A stellar flare 10 times more powerful than anything seen on our sun has burst from an ultracool star almost the same size as Jupiter
- Coolest and smallest star to produce a superflare found
- Star is a tenth of the radius of our Sun
- Researchers led by University of Warwick could only see the star while it was flaring, when it was 10,000 times brighter than normal
- Superflare is equivalent to 80 billion megatonnes of TNT, ten times as powerful as the Carrington event in 1859
- Artist’s impression available, see Notes to Editors.
A stellar flare ten times more powerful than anything seen on our sun has burst from an ultracool star almost the same size as Jupiter.
The star is the coolest and smallest to give off a rare white-light superflare, and by some definitions could be too small be considered a star.
The discovery, funded by the Science and Technology Facilities Council, is published in the Monthly Notices of the Royal Astronomical Society: Letters as the version of record today (17 April) and sheds light on the question of how small a star can be and still display flaring activity in its atmosphere. Flares are thought to be driven by a sudden release of magnetic energy generated in the star’s interior. This causes charged particles to heat plasma on the stellar surface, releasing vast amounts of optical, UV and X-ray radiation.
Lead author James Jackman, a PhD student in the University of Warwick’s Department of Physics, said: “The activity of low mass stars decreases as you go to lower and lower masses and we expect the chromosphere (a region of the star which support flares) to get cooler or weaker. The fact that we’ve observed this incredibly low mass star, where the chromosphere should be almost at its weakest, but we have a white-light flare occurring shows that strong magnetic activity can still persist down to this level.
“It’s right on the boundary between being a star and a brown dwarf, a very low mass, substellar object. Any lower in mass and it would definitely be a brown dwarf. By pushing this boundary we can see whether these type of flares are limited to stars and if so, when does this activity stop? This result takes us a long way to answering these questions.”
The L dwarf star located 250 light years away, named ULAS J224940.13-011236.9, is only a tenth of the radius of our own sun, almost the same size as Jupiter in our solar system.

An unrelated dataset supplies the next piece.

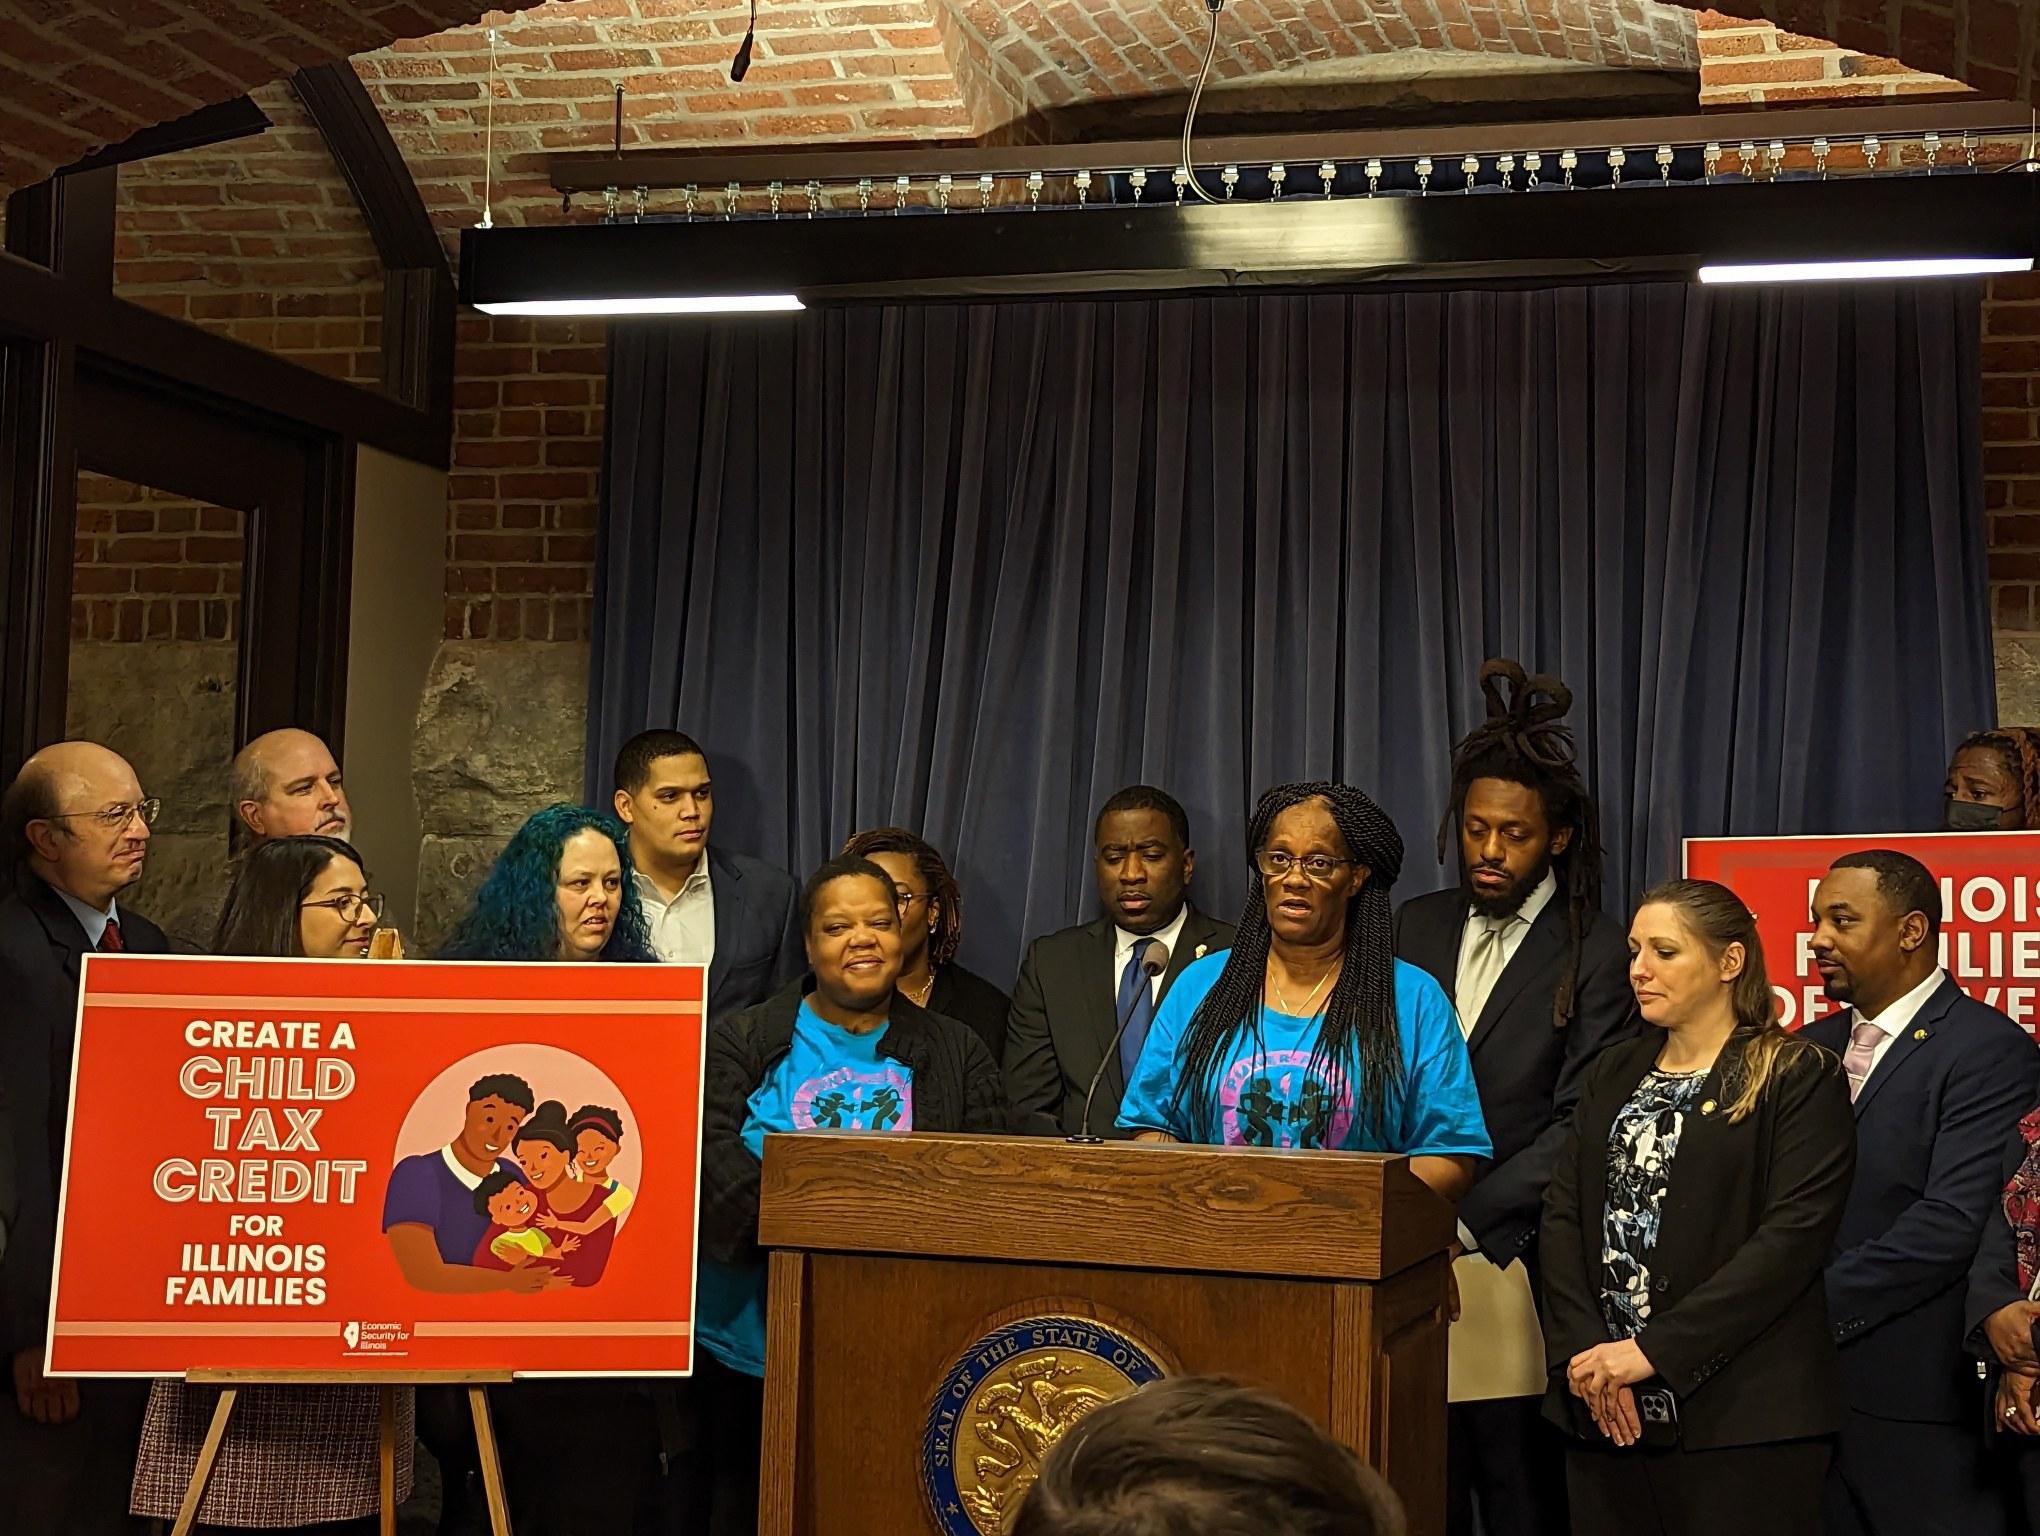 An African-American woman, a POWER-PAC IL parent leader, speaks in support of the Child Tax Credit at a podium in the Illinois State Capitol. Standing around her are other POWER-PAC IL members, COFI staff, state legislators, and community advocates.

It was too faint for most telescopes to observe until the researchers, led by the University of Warwick, spotted the massive stellar explosion in its chromosphere in an optical survey of the surrounding stars.
Using the Next Generation Transit Survey (NGTS) facility at the European Southern Observatory’s Paranal Observatory, with additional data from the Two Micron All Sky Survey (2MASS) and Wide-field Infrared Survey Explorer (WISE), they observed the brightness of the star over 146 nights.
The flare occurred on the night of 13 August 2017 and gave off energy equivalent to 80 billion megatonnes of TNT, ten times as much energy as the Carrington event in 1859, the highest energy event observed on our sun. Solar flares occur on our Sun on a regular basis, but if the Sun were to superflare like this star the Earth’s communications and energy systems could be at serious risk of failing.
It is one of the largest flares ever seen on an L dwarf star, making the star appear 10,000 times brighter than normal.
James adds: “We knew from other surveys that this kind of star was there and we knew from previous work that these kinds of stars can show incredible flares. However, the quiescent star was too faint for our telescopes to see normally – we wouldn’t receive enough light for the star to appear above the background from the sky. Only when it flared did it become bright enough for us to detect it with our telescopes.”
James’s PhD supervisor Professor Peter Wheatley said: “Our twelve NGTS telescopes are normally used to search for planets around bright stars, so it is exciting to find that we can also use them to find giant explosions on tiny, faint stars. It is particularly pleasing that detecting these flares may help us to understand the origin of life on planets.”
L dwarfs are among the lowest mass objects that could still be considered to be a star, lying in the transition region between stars and brown dwarfs. Brown dwarfs are not massive enough to fuse hydrogen into helium as stars do. L dwarfs are also very cool compared to the more common main sequence stars, such as red dwarfs, and emit radiation mostly in the infra-red, which may affect their ability to support the creation of life.
James adds: “Hotter stars will emit more in the optical spectrum, especially towards the UV. Because this star is cooler, around 2000 kelvin, and most of its light is towards the infra-red, when it flares you get a burst of UV radiation that you wouldn’t normally see.
“To get chemical reactions going on any orbiting planets and to form amino acids that form the basis of life, you would need a certain level of UV radiation. These stars don’t normally have that because they emit mostly in the infra-red. But if they produced a large flare such as this one that might kickstart some reactions.”
Professor Wheatley adds: “It is amazing that such a puny star can produce such a powerful explosion. This discovery is going to force us to think again about how small stars can store energy in magnetic fields. We are now searching giant flares from other tiny stars and push the limits on our understanding of stellar activity.”